Bayesian Model Sampling Fails for Some Networks
AbeleMM opened this issue · comments
Description
All forms of Bayesian Model Sampling (forward_sample
, likelihood_weighted_sample
, rejection_sample
) seem to fail in some cases for some networks (e.g., pathfinder).
Environment
- pgmpy 0.1.22
- Python 3.10
- Windows & Linux
Steps to reproduce
from pgmpy.sampling import BayesianModelSampling
from pgmpy.utils import get_example_model
BayesianModelSampling(get_example_model("pathfinder")).forward_sample(size=50, seed=1)
Expected behaviour
Sampling completes succesfully.
Actual behaviour
The execution errors out with the following traceback:
pgmpy\sampling\Sampling.py", line 120, in forward_sample
sampled[node] = sample_discrete_maps(
pgmpy\utils\mathext.py", line 181, in sample_discrete_maps
samples[weight_indices == weight_index] = np.random.choice(
File "mtrand.pyx", line 972, in numpy.random.mtrand.RandomState.choice
ValueError: probabilities are not non-negative
Possible fix
The issue seems to be caused by the following line in the _adjusted_weights
method:
Line 85 in 1e73ff2
If error
is negative and weights[-1]
has a very small value, the change could cause the latter to become negative too.
Replacing it with the following could be a solution that should also preserve existing behaviour when the issue does not arise: weights[len(weights) - 1 - np.argmax(weights[::-1] > -error)] += error
@AbeleMM Thanks for reporting the issue. The possible fix that you have mentioned (if I am understanding it correctly) is to add the error to the largest value in the array?

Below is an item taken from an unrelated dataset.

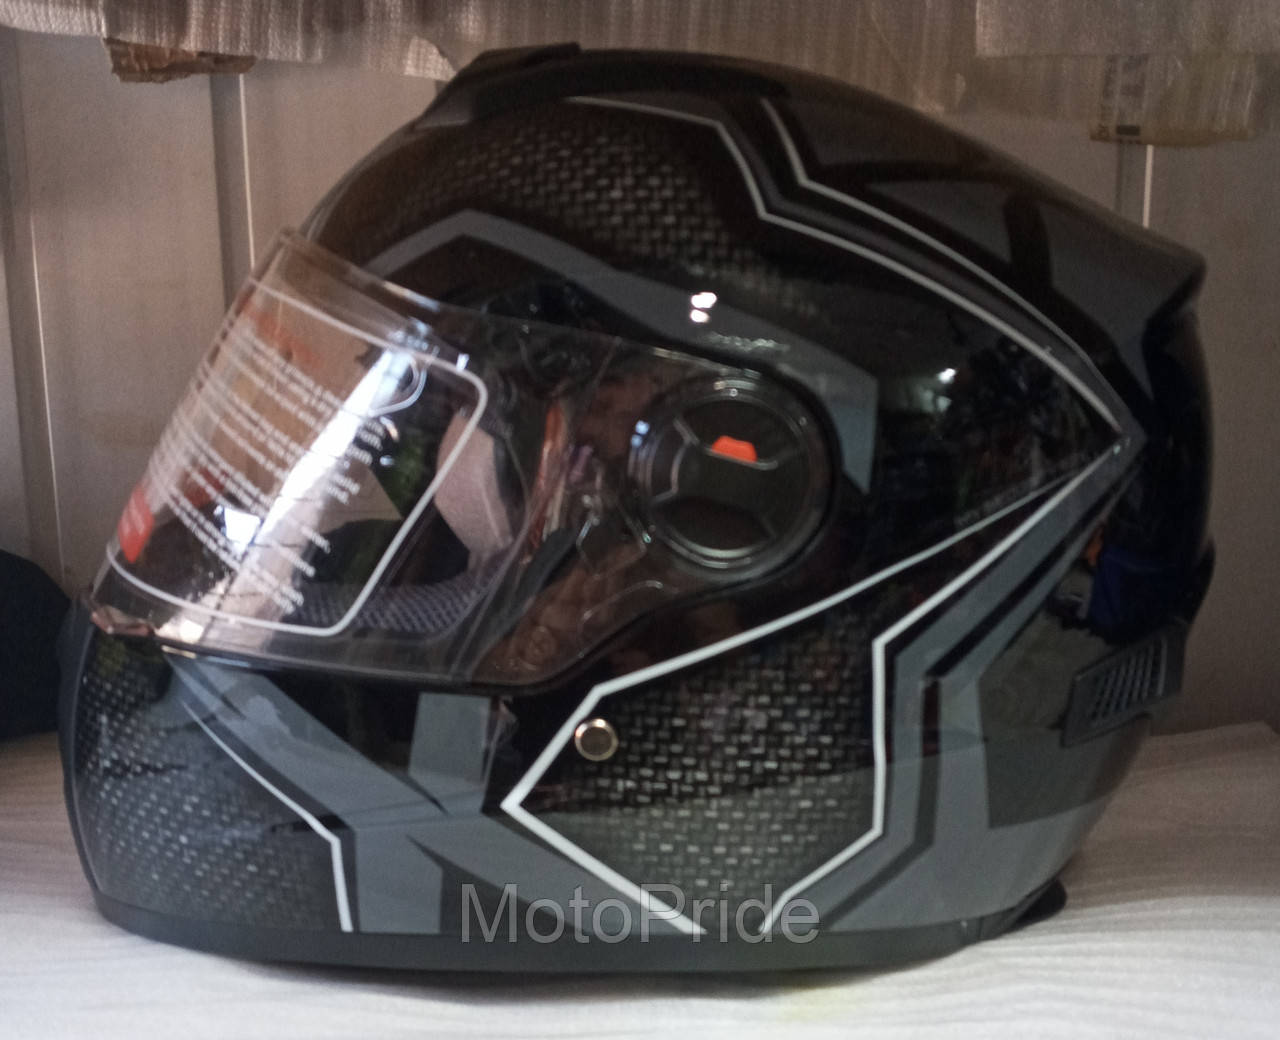 

Шлем скорпион м61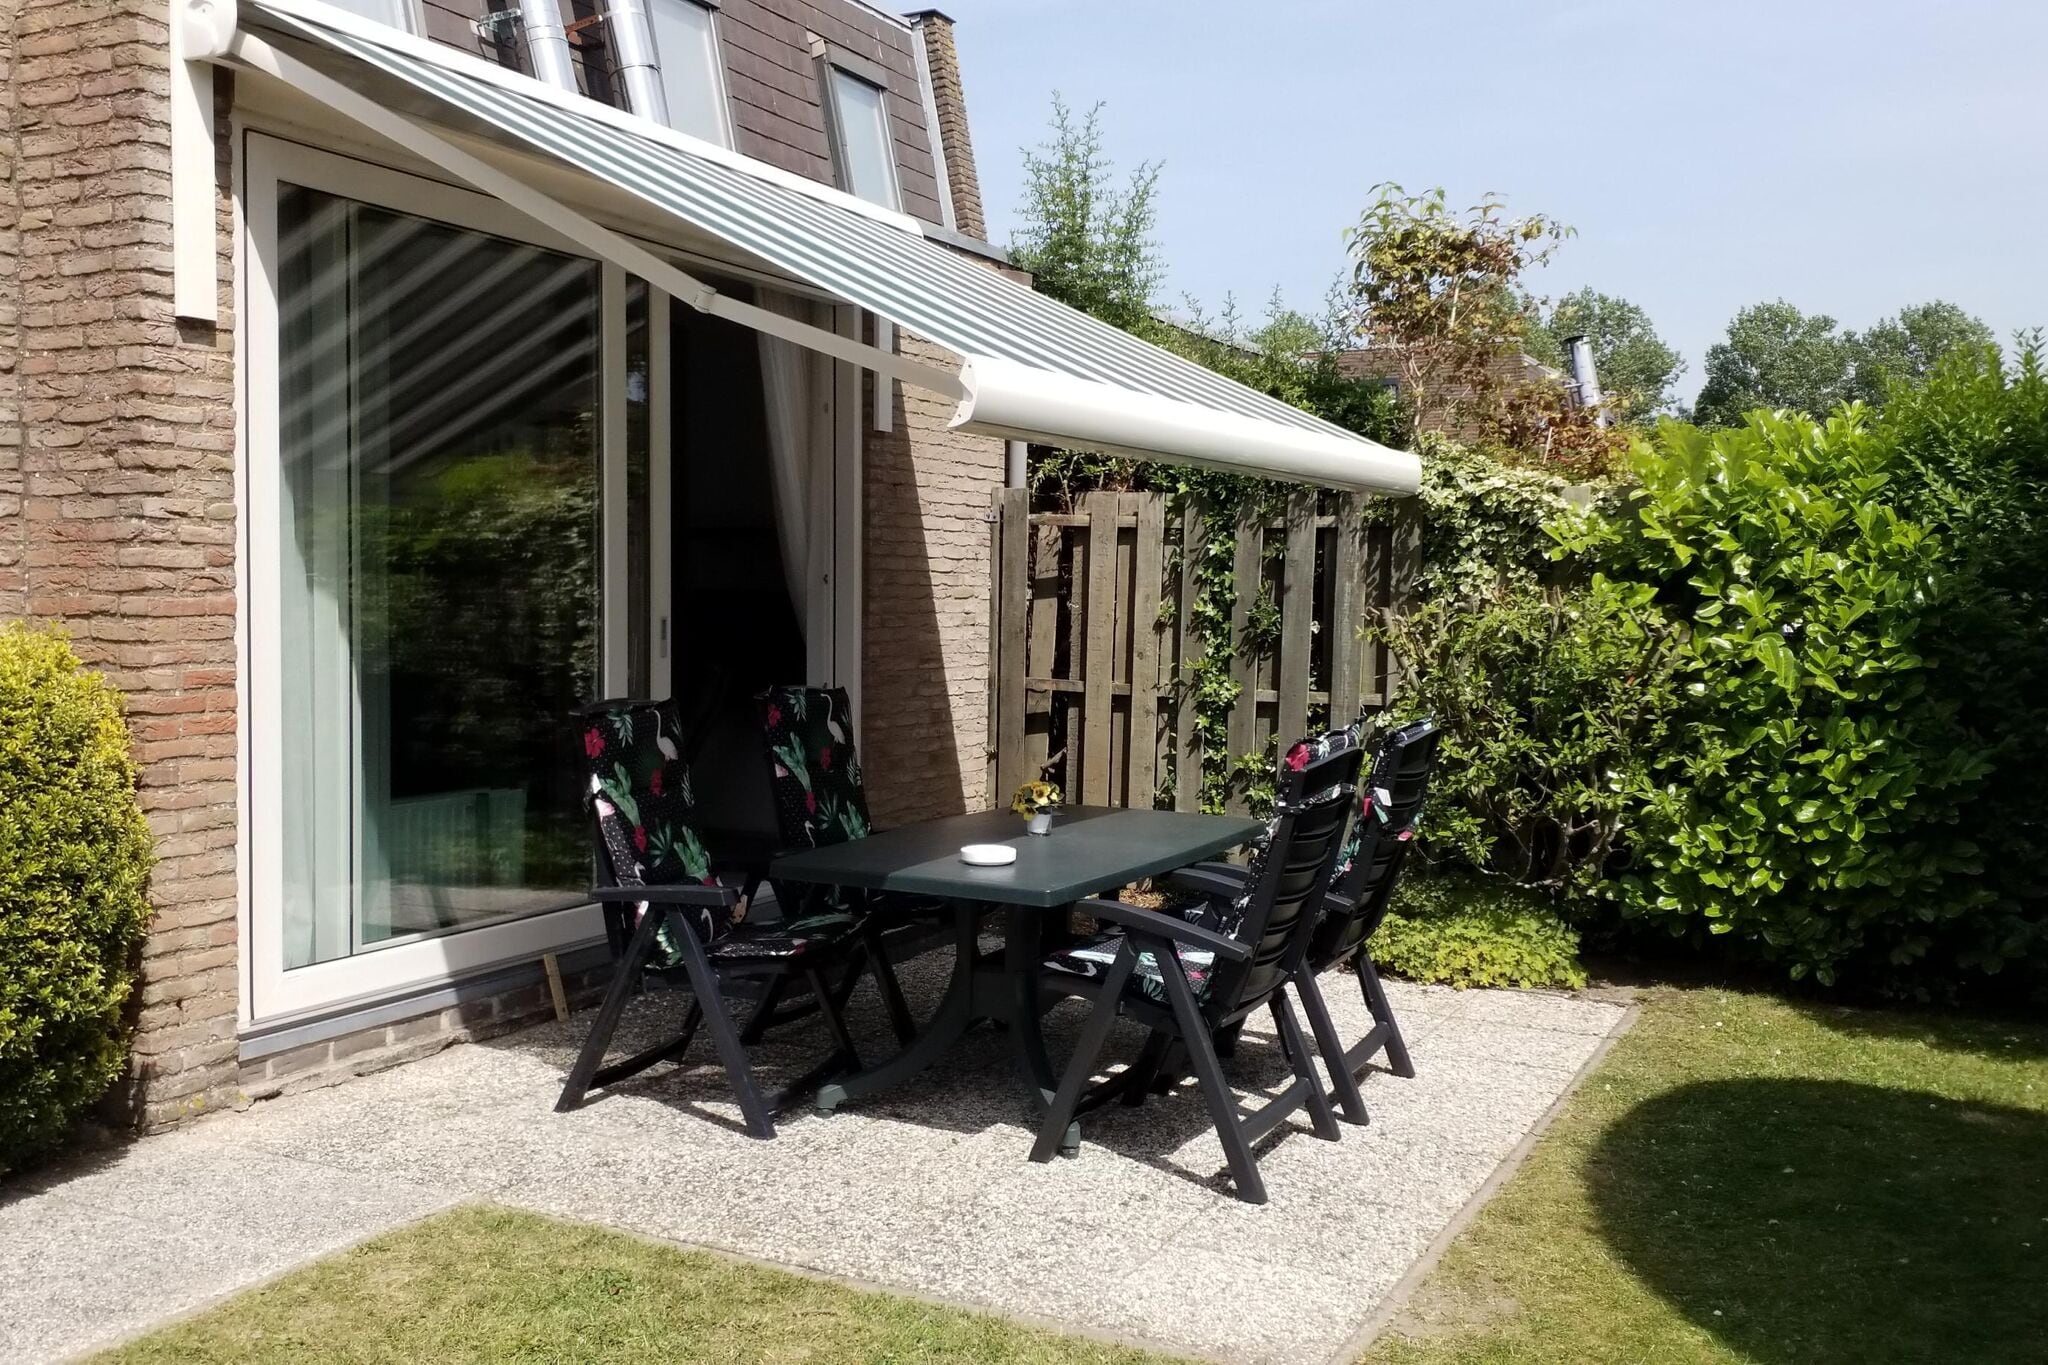 Maison de vacances bien entretenue avec grand jardin, située à Nieuwvliet

Wouldn't a simpler way to do that would be something like weights[np.argmax(weights)] += error
? Would you like to open a PR fixing this?
The proposed fix adds error
to the last array element greater than -error
to maintain existing behaviour (adding to weights[-1]
) as much as possible. A different element only gets selected if the original operation yields a nonpositive value.
Using weights[np.argmax(weights)] += error
would also solve the issue and is more readable, although slightly deviating from the existing implementation. Note, however, that both methods still (reasonably) assume the existence of some element that can entirely "absorb" a negative error
.
I would be happy to create a PR for the issue; please let me know whether there is a preference for which version to use.
@AbeleMM The idea behind adding the error term is to have the weights such that it sums to 1. It doesn't really matter which weight we add the error to. And since the checks make sure that the error is sufficiently small, I think just adding it to the largest element should always work and is a cleaner solution. What do you think? If you agree, please open a PR. Thanks :)